Planned analyses/ visualizations / coding challenges

 

Planned analyses

  • Find popular movies and high-rating movies

  • Investigate the relationship among ratings and various factors, including movie genre, release year, rating time

  • Evaluate the similarity among users and among movies

  • Test the average ratings of the users, to investigate whether the rating criteria are different.(ANOVA)

  • Analyze the changes in the ratings of the same movie every year, or the changes in the ratings of each category of movies,and try to get a rule through the analysis

  • Construct model to predict the rating of a specific user towards a specific movie. Preference on specific genre

  - Find the average rating after every year a movie published. And find the trend of that.
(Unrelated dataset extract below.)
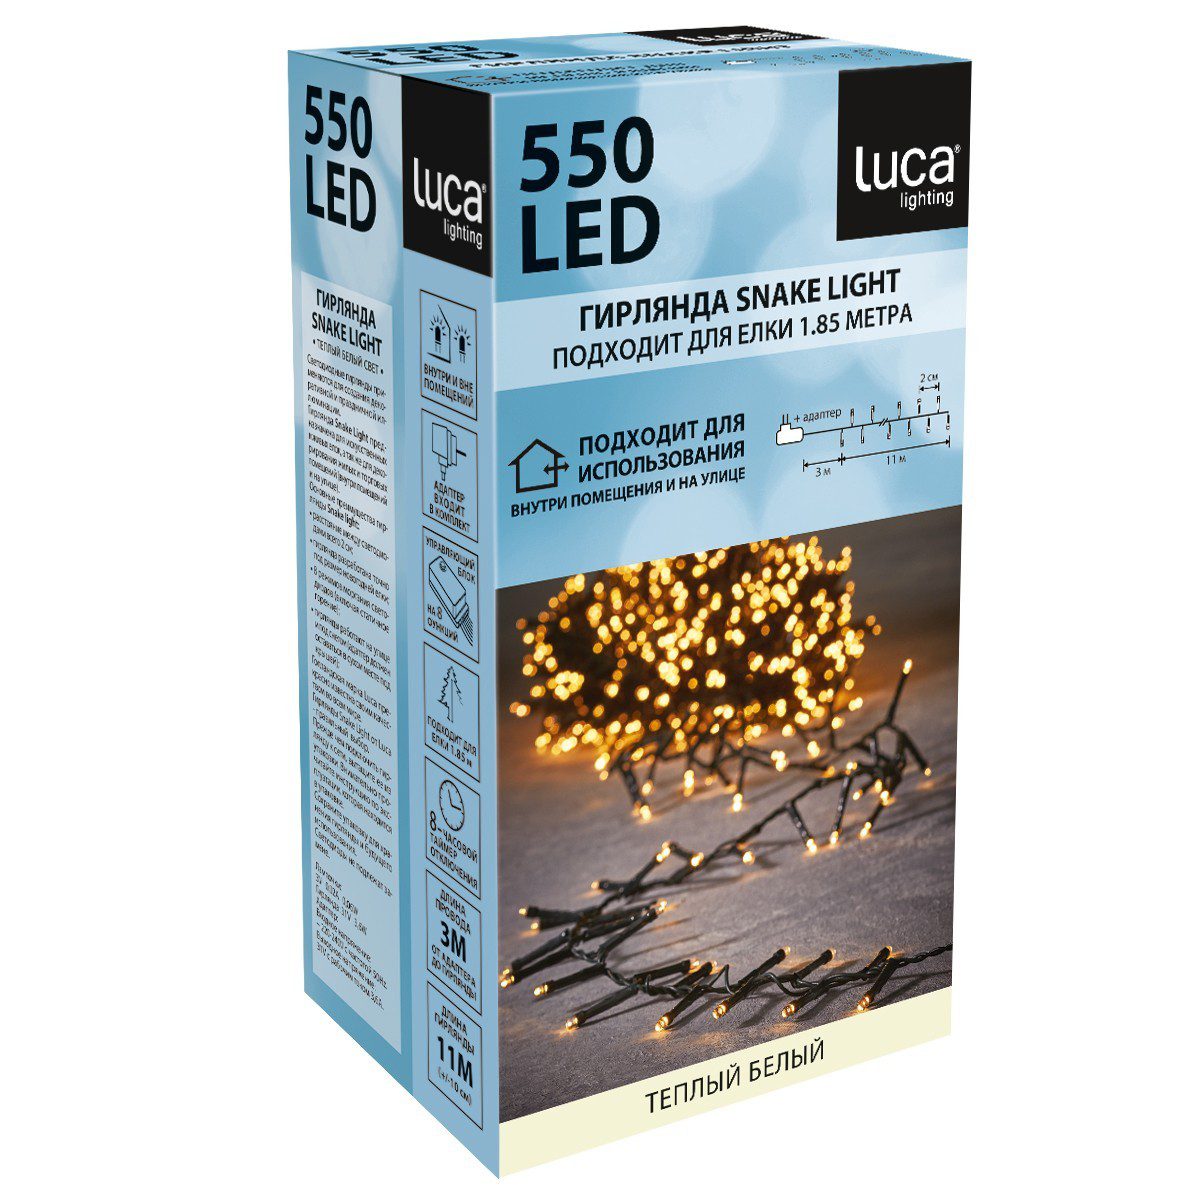 Гирлянда Luca Snake light теплый белый свет (550 ламп, длина гирлянды 1100 см) для ёлки 185 см

  • Find the the average rating of each categories in different year.

Visualizations:

  • Boxplot regarding: ratings and years; ratings and genres;

  • Clustering map of users and movies

  • Heatmaps denoting user / movie similarity

  • maybe a linear regression graph to show a specific user’s rating on genre

 

Coding challenges:

  • Convert collected-in-seconds timestamp into years

  • Split and group movie by different genre

  • Select proper loss function and decompose the user-movie rating matrix through gradient descent

  • Scrape movie basic information (length, director, actor, date…) from IMDb for calculating movie-movie similarity

  • Calculate movie-movie similarity based on movie description and user-generated tags

  • Build models to calculate user-similarity

 

Planned timeline

Date Task Due
Nov 4 Brainstorm NA
Nov 9 Finish draft proposal NA
Nov 13 Submit formal proposal Nov 13 by 1:00 pm
Nov 15 Assign tasks NA
Nov 16 - 19 Project review meeting Nov 16-19
Nov 30 Finish coding part NA
Dec 7 Construct website NA
Dec 11 Report & Webpage and screencast & Peer asessment Dec 11 by 4:00 pm
Dec 14 Presentation practice NA
Dec 16 In class discussion Dec 16